> _Exercise directions_
Among the entries below, the lines from the one with "mit HGH Jeans" up to and including the one with "Holden Premier HK" are to be restated exactly, without pictures.

#### Records for this task ####

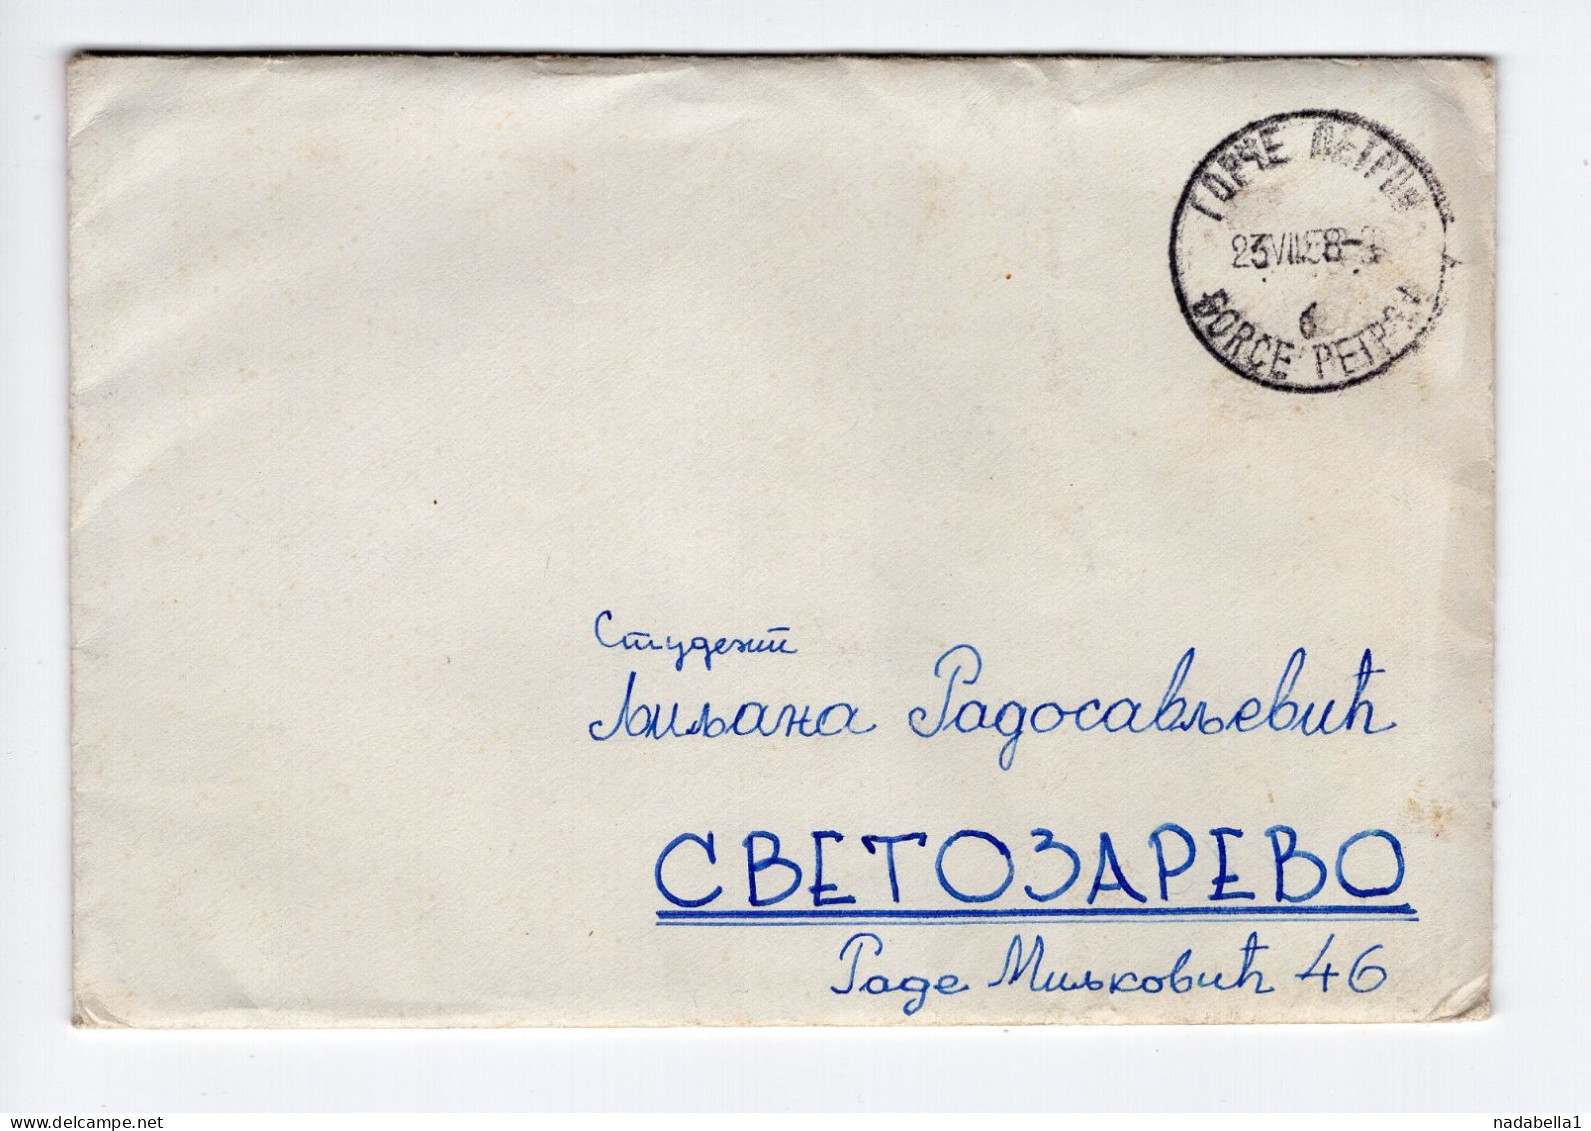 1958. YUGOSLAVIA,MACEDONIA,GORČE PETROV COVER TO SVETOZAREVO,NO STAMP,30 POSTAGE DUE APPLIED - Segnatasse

####
#### Records for this task ####

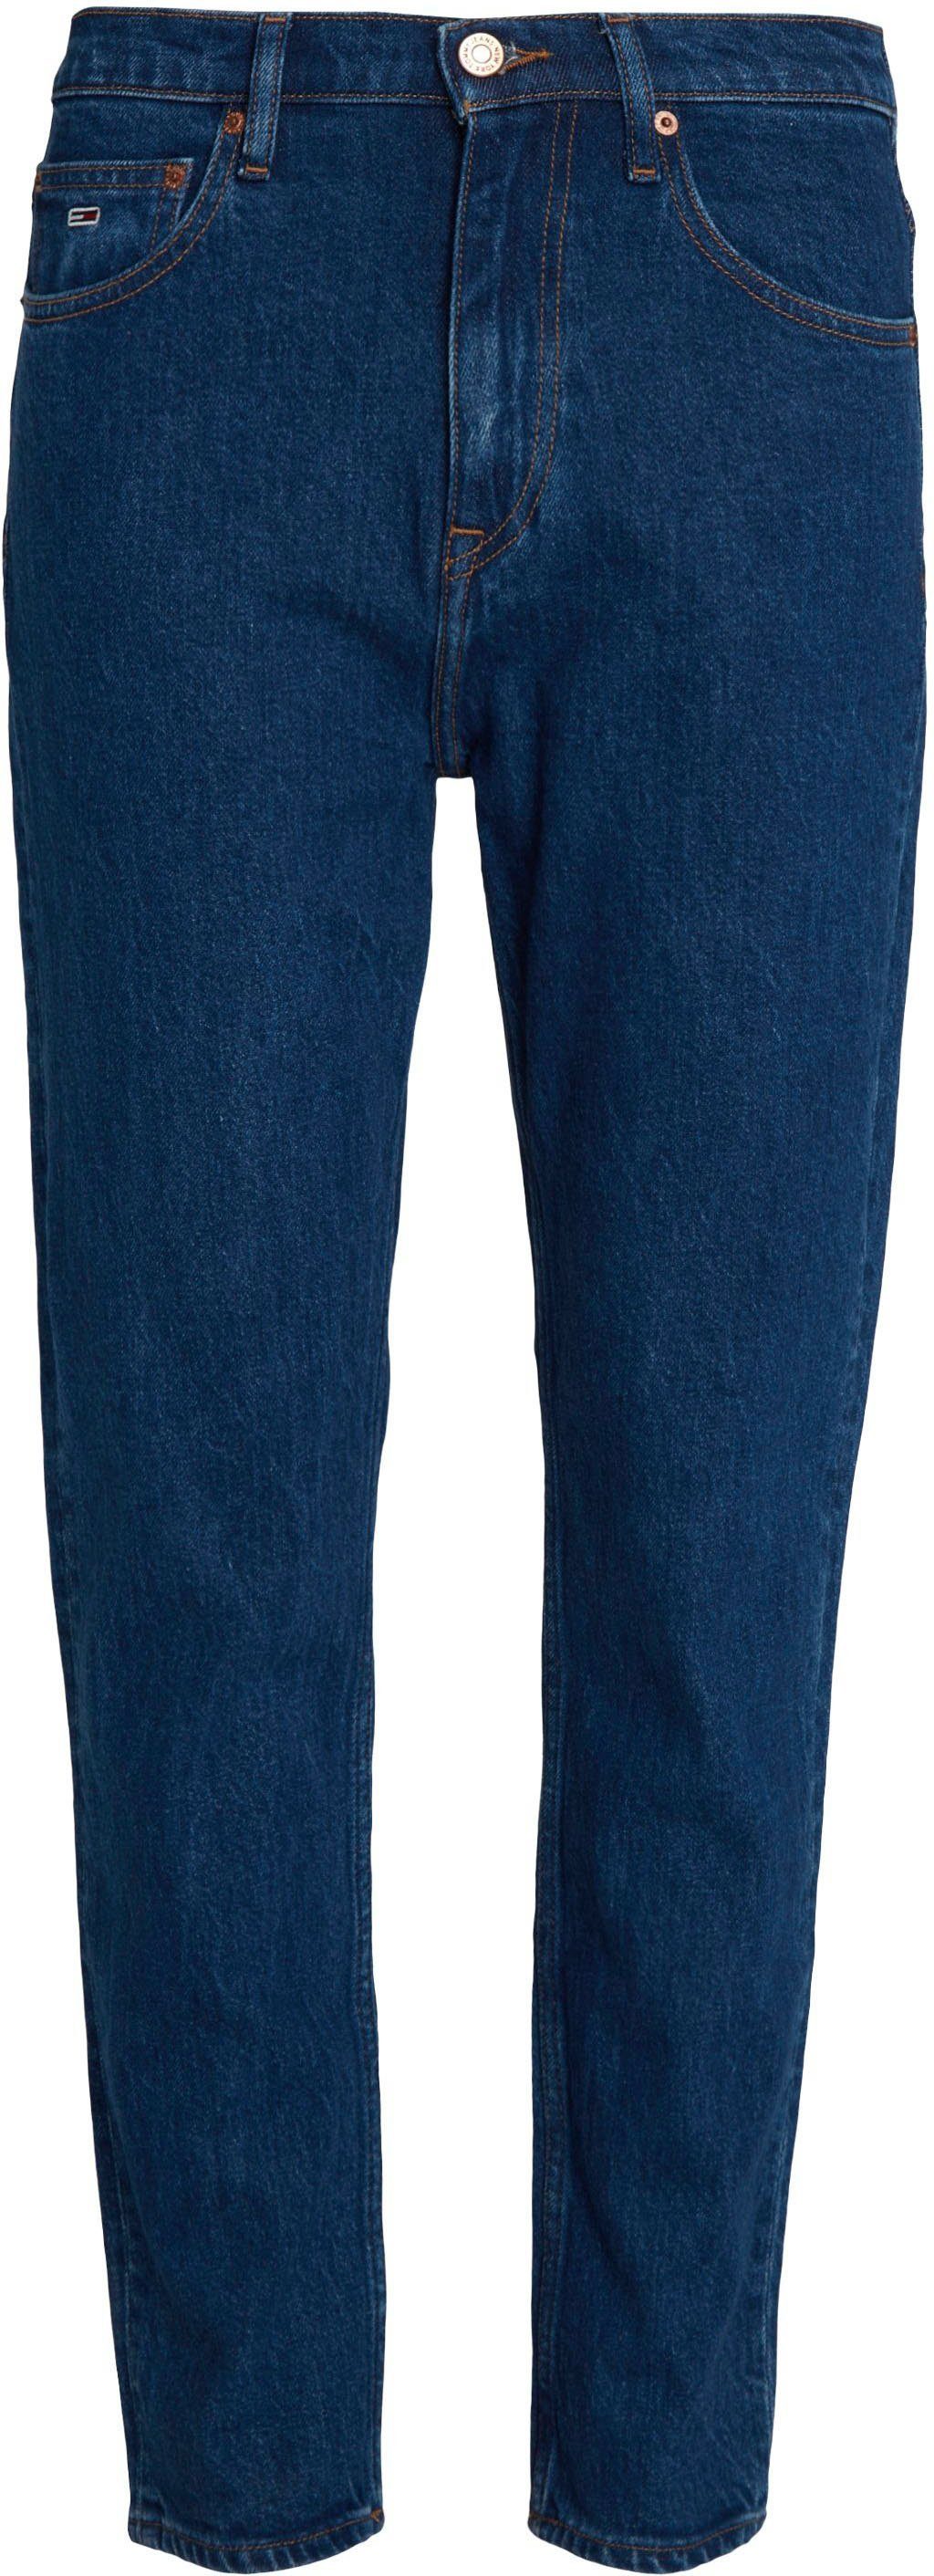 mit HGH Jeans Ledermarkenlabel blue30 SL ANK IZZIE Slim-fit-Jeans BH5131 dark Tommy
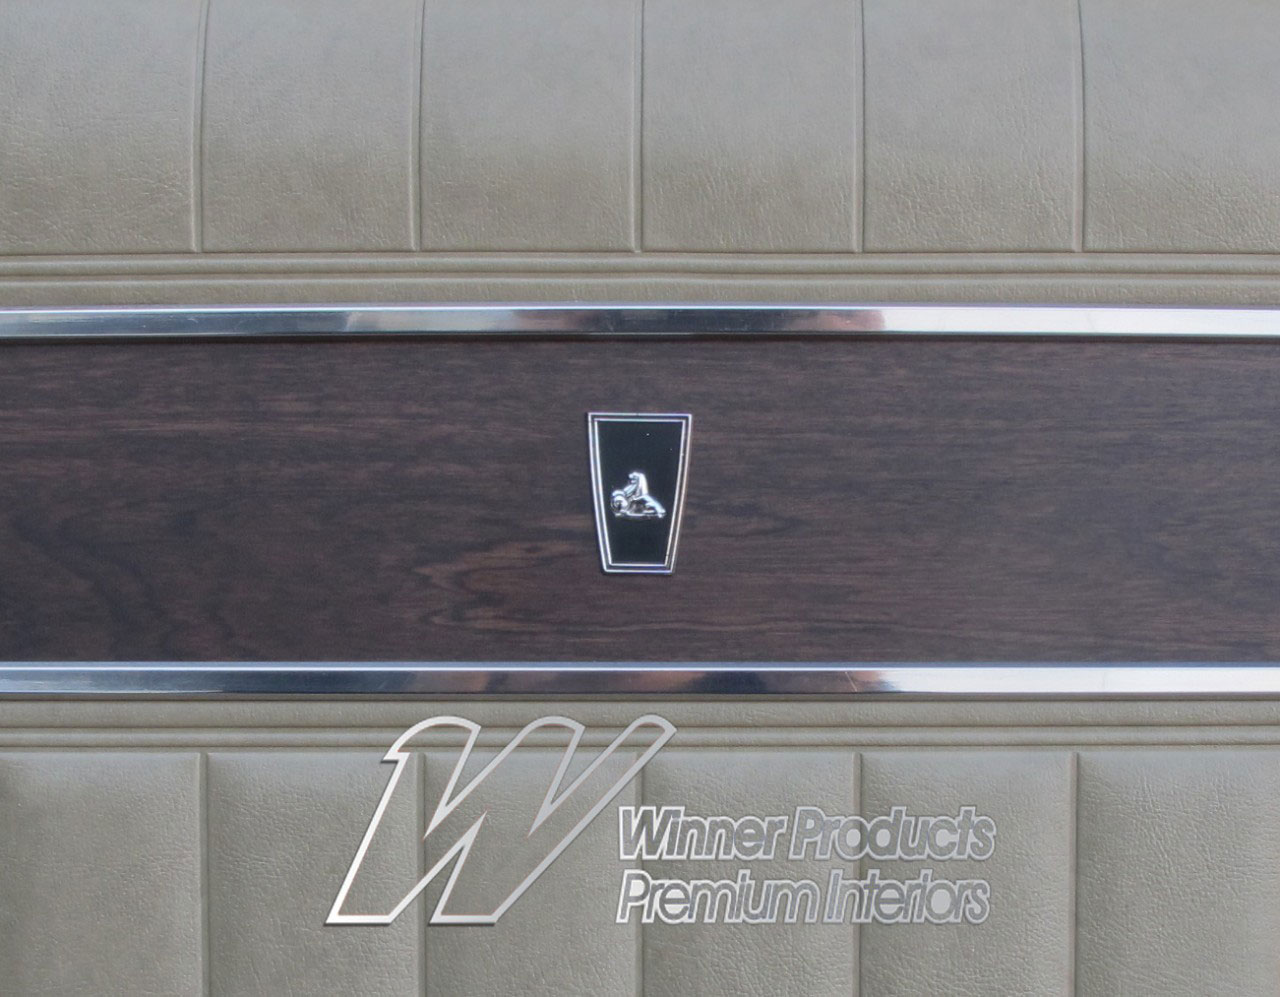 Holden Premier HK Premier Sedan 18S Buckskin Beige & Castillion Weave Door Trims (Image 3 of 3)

####

> _Response area_
 mit HGH Jeans Ledermarkenlabel blue30 SL ANK IZZIE Slim-fit-Jeans BH5131 dark Tommy
 Holden Premier HK Premier Sedan 18S Buckskin Beige & Castillion Weave Door Trims (Image 3 of 3)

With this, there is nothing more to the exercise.